Бесчисленны и многообразны проявления психологии «конца» в области познания. Одним из наиболее ярких образчиков этой психологии является стремление априори наметить границы науки. Между тем, если есть какие-либо «априорные» предпосылки научного исследования, то невозможность априори определить границы познания — самая очевидная из них. Нет и не может быть принципиально неразрешимых для науки проблем. Неразрешимы только неправильно заданные, внутренне противоречивые проблемы. Но внутреннее противоречие нельзя и представить себе как задачу, подлежащую решению: достаточно вскрыть противоречие, лежащее в основе неправильно заданного вопроса, для того чтобы он тотчас же перестал быть вопросом и превратился в бессмысленный набор слов.

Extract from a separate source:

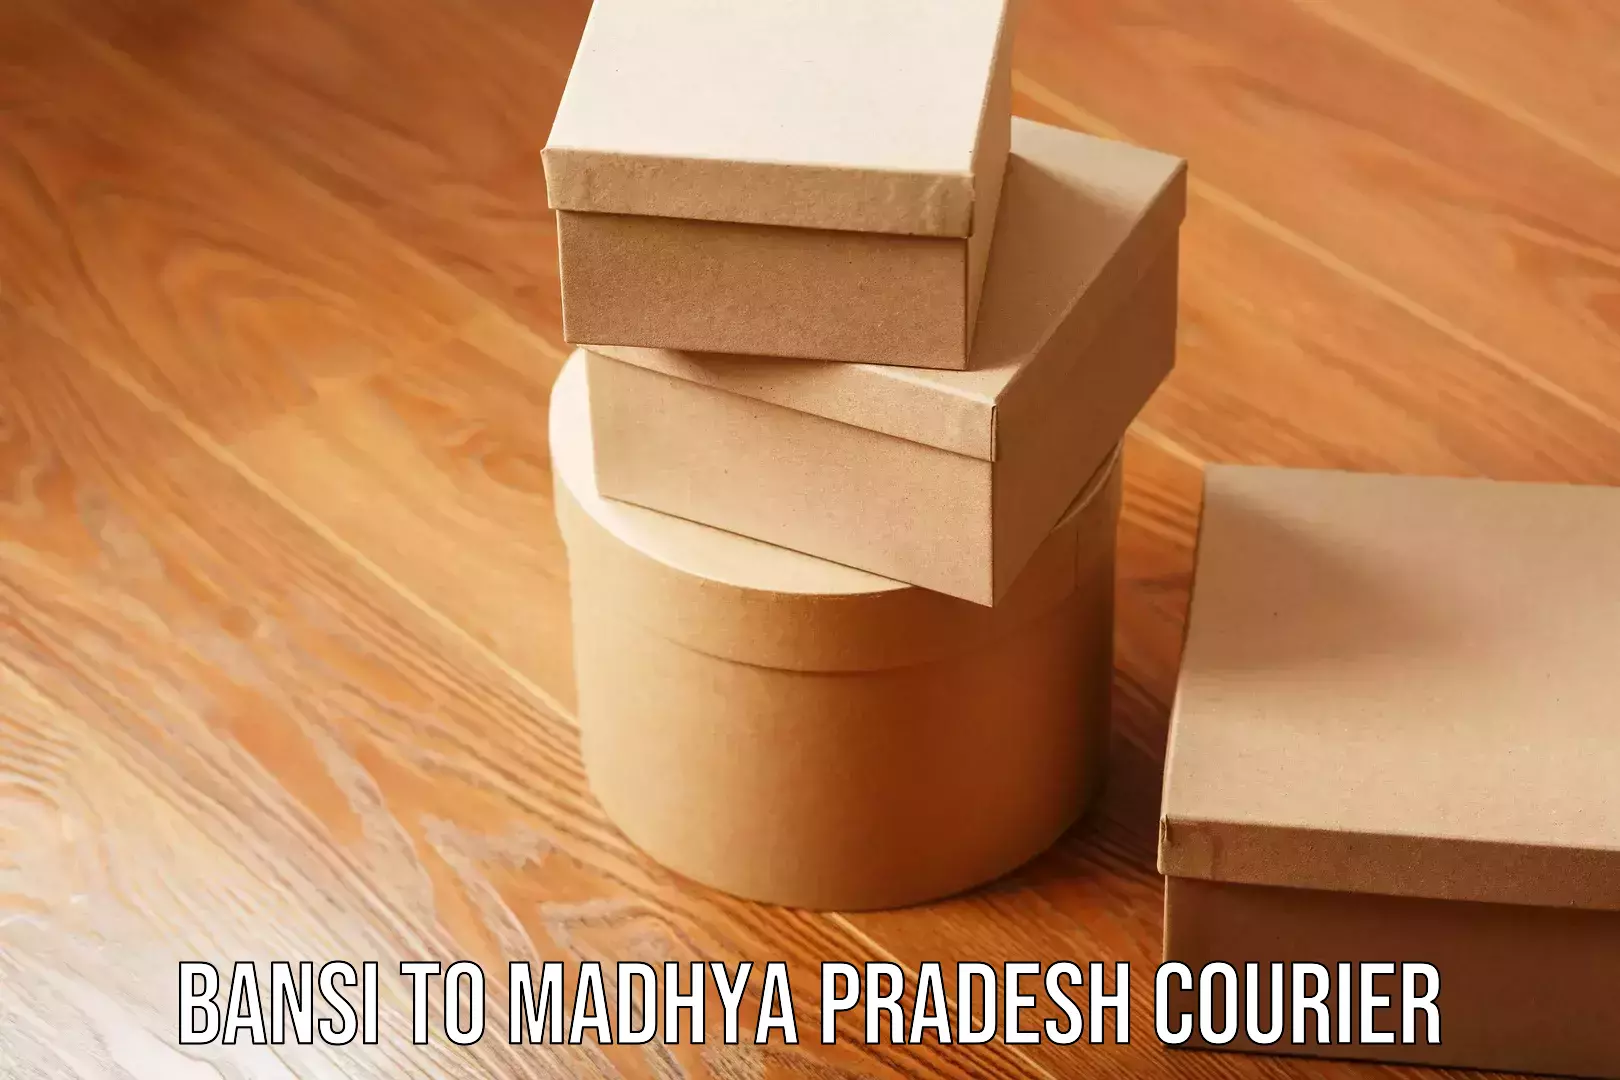 24-hour courier services Bansi to Madhya Pradesh

Нет неразрешимых задач, весь данный мир принципиально познаваем. Но так как сами эти мировые «данные», которыми мы стремимся познавательно овладеть, не представляют чего-либо законченного, а постоянно нарождаются вновь, то всегда будут нерешенные задачи. Г-н Мережковский упоминает о прогрессе зрения со времен Гомера, в эпоху которого люди, по-видимому, не различали цветов спектра, лежащих за зеленым в сторону фиолетового конца. В бесконечно более сильной степени раздвинулось наше зрение по ту и другую сторону видимого спектра благодаря тем искусственным органам восприятия, которые были изобретены в 19-м веке. И эти новые «данные» опыта, эти невидимые «лучи» не только дополняют кое в чем картину мира, не только присоединяют к 35000 известных видов 35001-ый, как жалуется один разочаровавшийся в науке чеховский герой, но преобразуют самый фундамент науки, ниспровергают те коренные «законы» материального мира, в которых великий предтеча современной науки, Леонардо да Винчи, усматривал предвечную целесообразность самого строителя вселенной, самого «Primo Motore».
Как видим, идеология конца, в корне враждебная духу культурного прогресса, духу всякой вообще человеческой жизни, далеко не является исключительно особенностью христиан третьего завета. Эти наивные люди представляют лишь ее наиболее яркое, целостное воплощение. Они смело возводят в ранг религиозного догмата ту психологическую тенденцию, которая в смягченном и преобразованном виде живет в душе многих и многих борцов за культуру, отравляя их творческое вдохновение, нашептывая им тоскливые, ленивые мысли о тщете всех усилий человеческого разума, о недостижимости «последнего» откровения, и т. п. Не много найдется людей, совершенно свободных от этих искушений дьявола лени, покоя и скуки, выступающего под маской жажды «абсолютной истины». Но бесконечно различно отношение искушаемых к «соблазнам» дьявола. Если одни стараются побороть в себе голос дочеловеческого инстинкта, зовущего к «блаженному успению и вечному покою», то другие падают ниц перед этой недотыкомкой, провозглашают ее святым духом и смиренно молят даровать людям «новый завет», окончательно упраздняющий за ненадобностью работу творческого разума.